The mellow old clock chimed a quarter to the hour. The dog was restless, knowing it was time for her walk. “I'd better take her,” Culver said. “It won't take long. But before I do, I want you to listen to me.”

“Don't leave me, Father. I'll come with you.” Anything was better than sitting here alone.

“No!” The old man's voice was harsh. “You'll wait here, girl.” He stroked the bitch's restless head until she settled on the rug again, then looked at his daughter, his face creased with the effort to find the right words. Lamely, for him, he said, “Everything will be all right, Georgina,” then drew on his pipe and began to speak.

Outside, rain spattered briefly against the windows and then stopped. Inside the quiet room, his harsh voice rose and fell and soon, mingling with it, her swift, clipped accents.

Hours later, it seemed, though it was barely half an hour, she heard the sound of tyres hissing on the wet tarmac of the drive. It was with a sense of inevitability that she looked through the window and saw the police.

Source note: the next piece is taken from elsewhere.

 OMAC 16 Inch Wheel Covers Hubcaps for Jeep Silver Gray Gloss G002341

She took them into the study, resenting their intrusion into this private place, but having nowhere else other than the kitchen. The two men and the pretty, confidently efficient young policewoman seemed tall and menacing in the close confines of the small room, especially the Chief Inspector, whose grey eyes, steady and watchful, never left her face.

How, she wondered, was she going to get through this, knowing what she did and being more than a little frightened of him, of that sense of pent-up energy that was no less formidable for being kept severely in check. She wondered if he'd any idea how he affected people, or perhaps it was only those who were guilty who felt as she had at their previous interviews, as if she hardly dare speak for fear of having her words pounced on and only too correctly interpreted.

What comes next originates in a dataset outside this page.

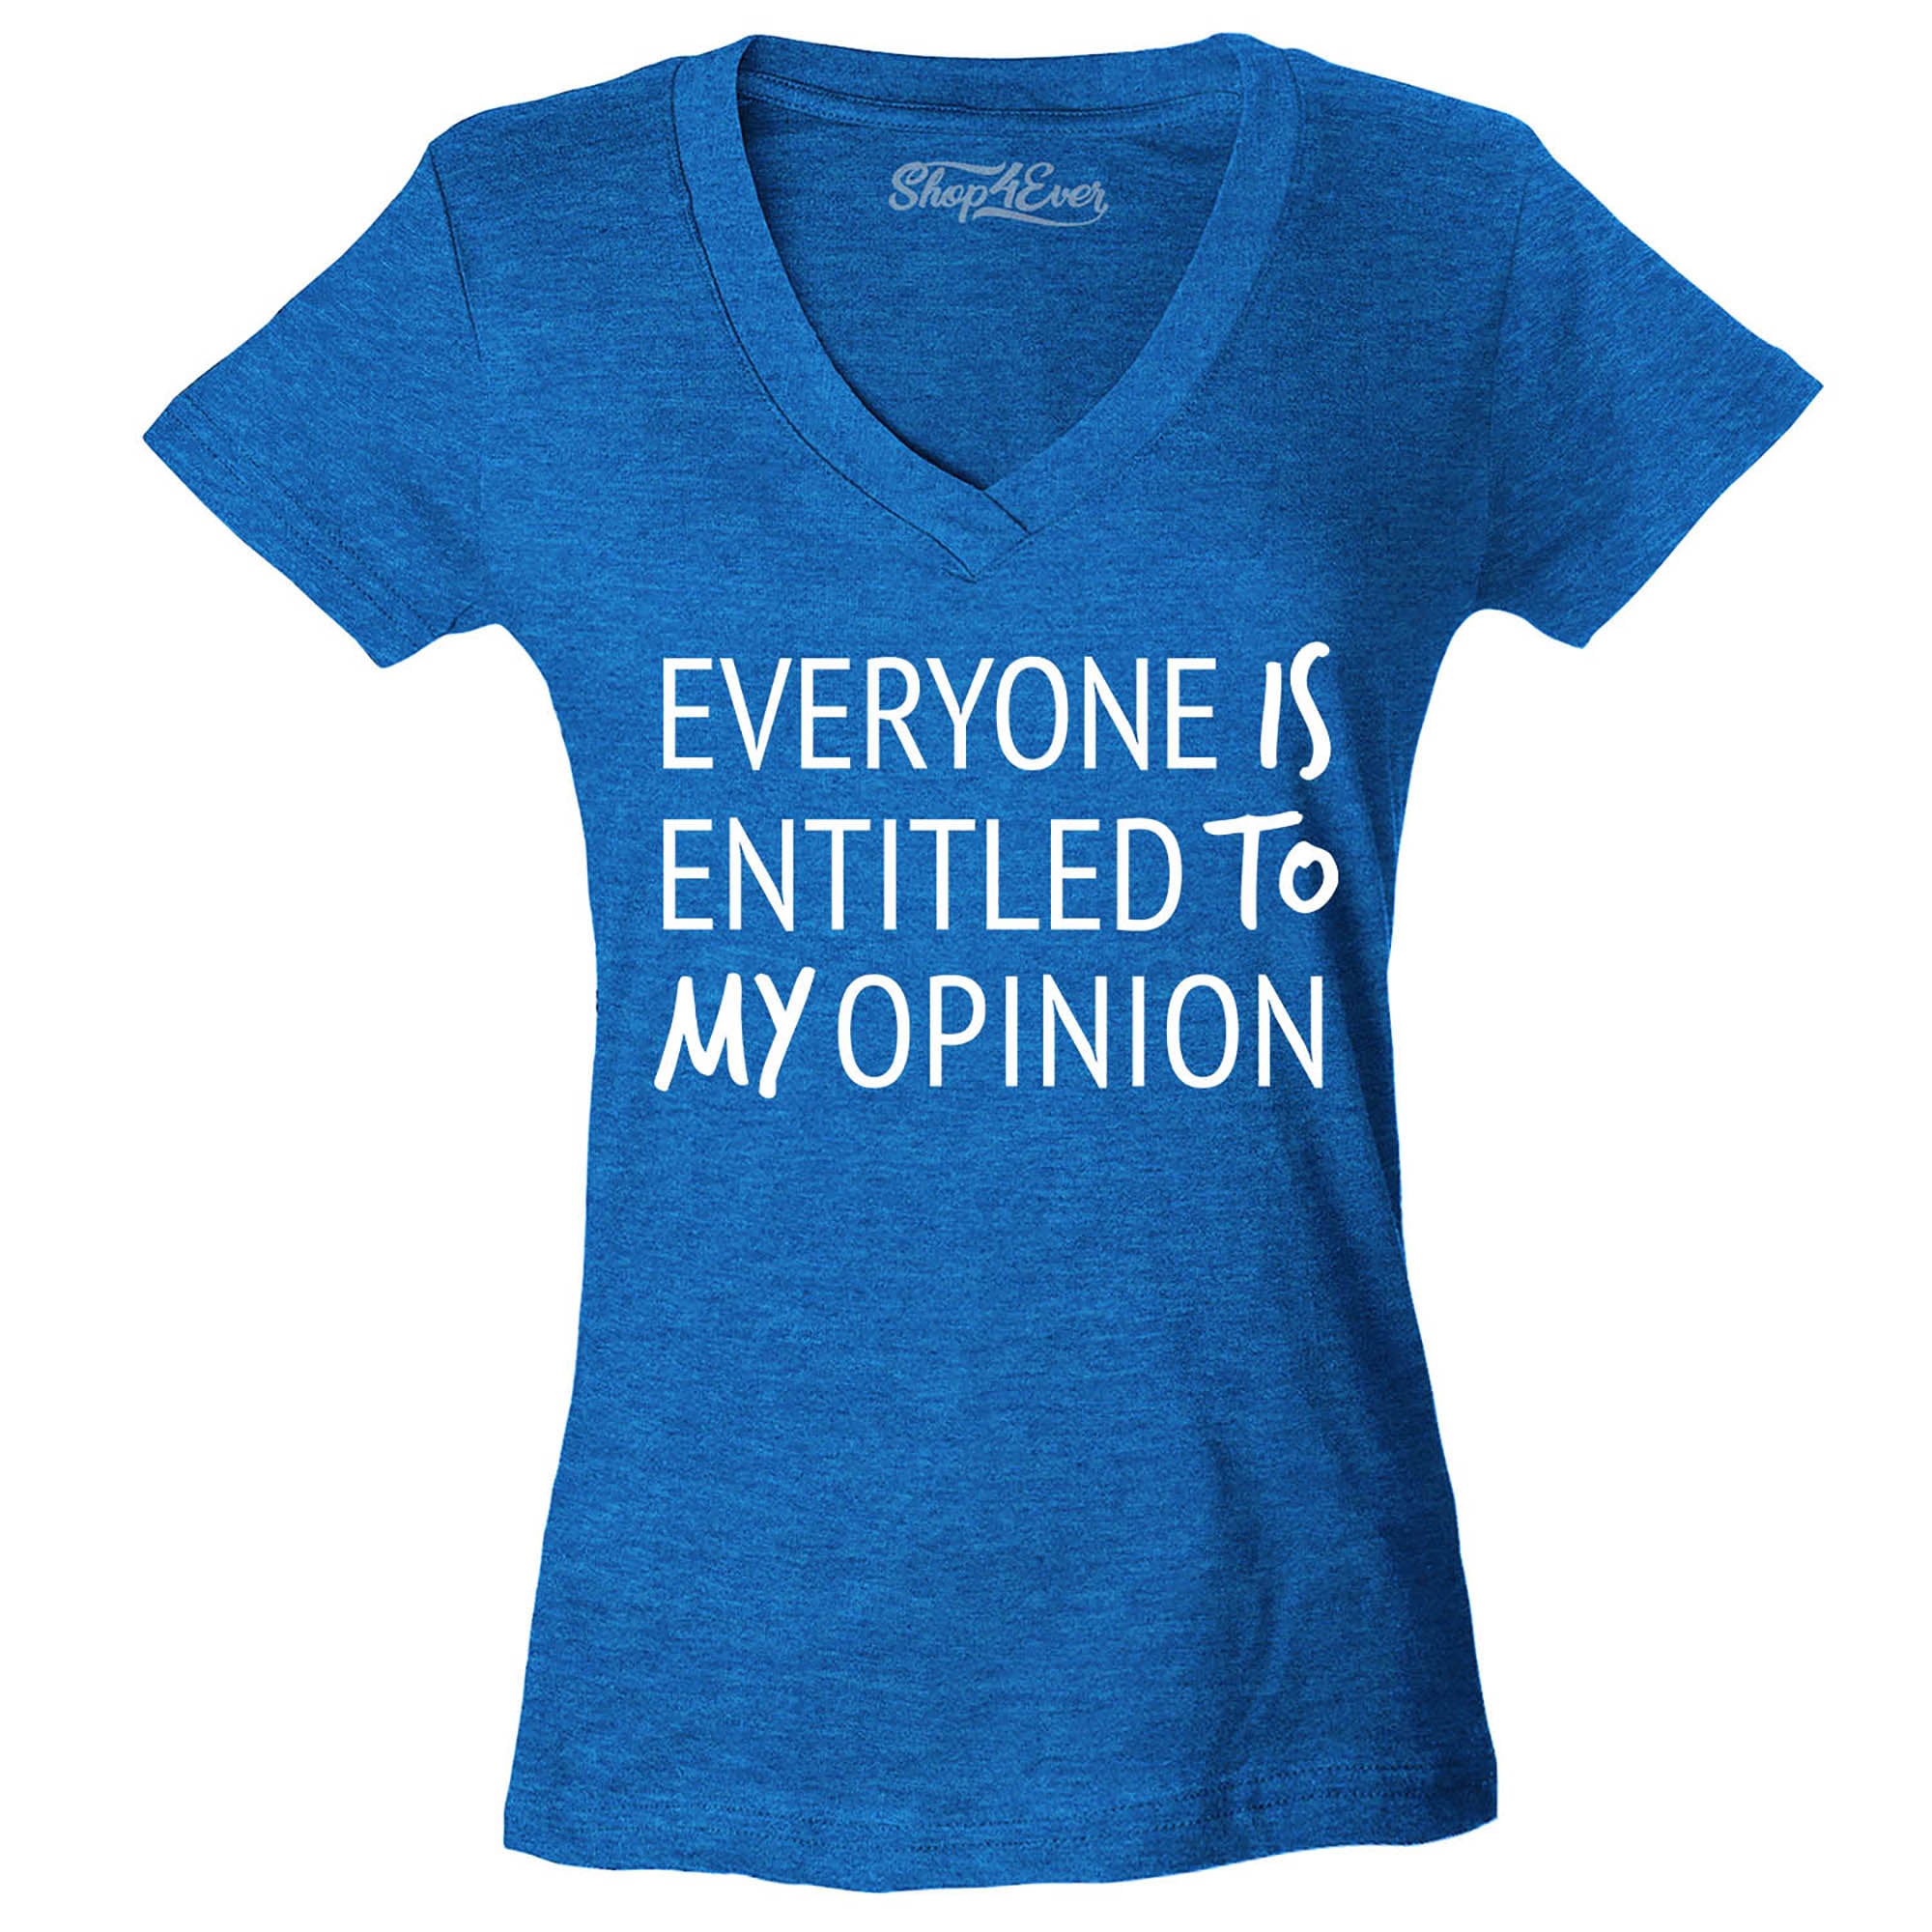 Everyone is Entitled to My Opinion Funny Sarcastic Women's V-Neck T-Shirt Slim Fit

“Where's your father, Mrs. Fleming?” were his first, hardly intimidating, words.

“He's taken Minty for her walk. He won't be long.”

“Then perhaps we can take the opportunity of a few words with you until he gets back.”

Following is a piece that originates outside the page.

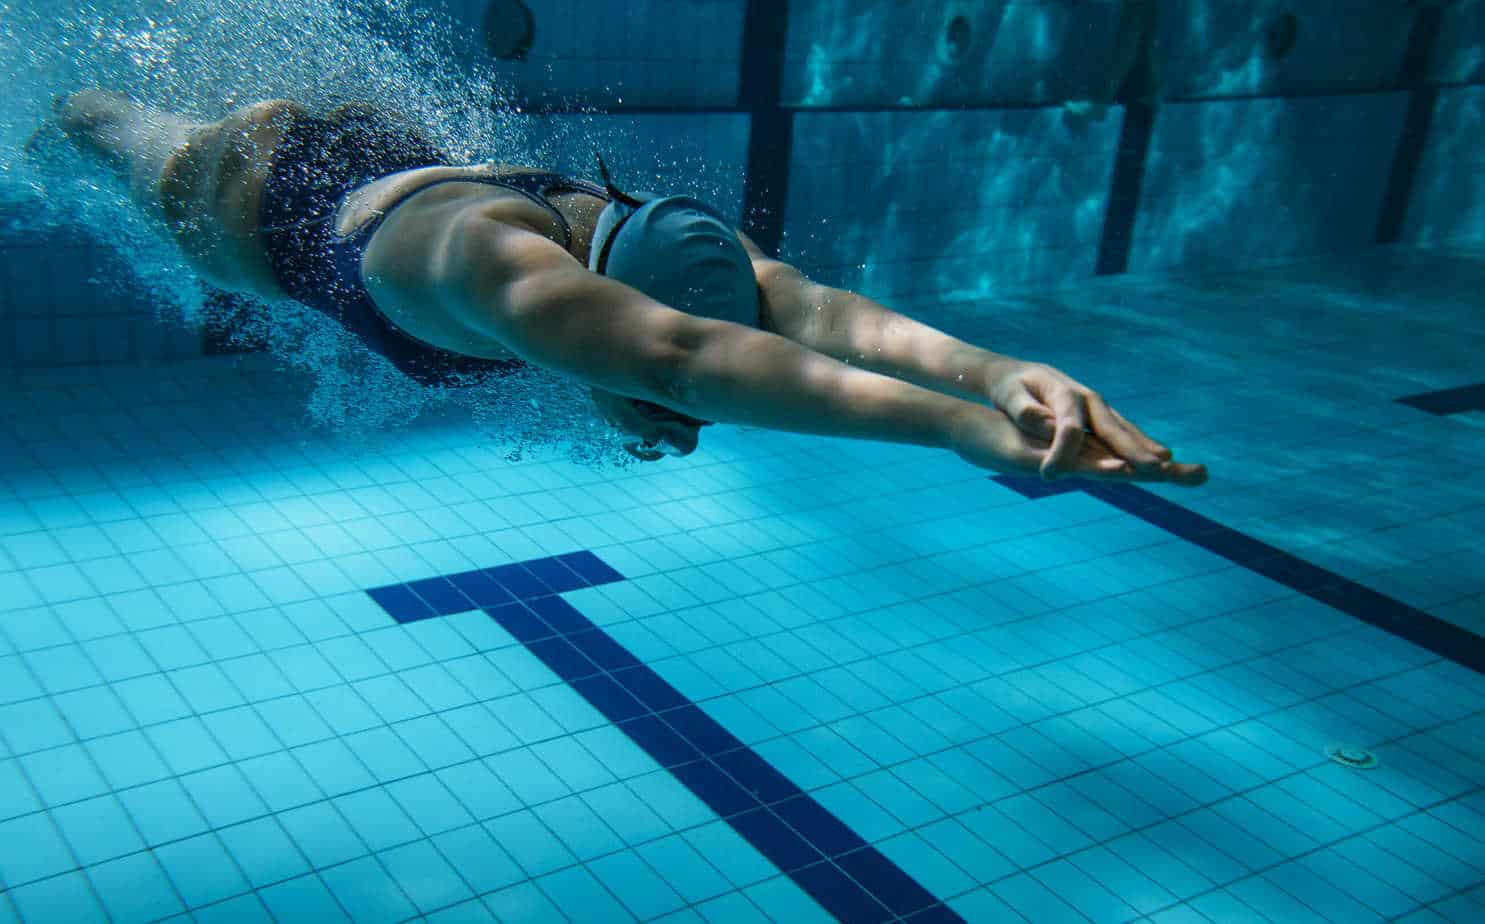 A swimmer dives underwater in a pool, showcasing a streamlined posture with arms outstretched.

“I thought we'd said all we have to say.”

“Oh, not by a long chalk,” he said easily. “And I think you know that, don't you? Are you going to be honest with me, now that you've had time to think it over?”

She knew that she'd no other choice, after her talk with her father, and after a short struggle with herself, recalling her promises to him, she finally relinquished her defences and gave up. And having given up, it suddenly seemed easier. She asked tonelessly what it was he wanted to know.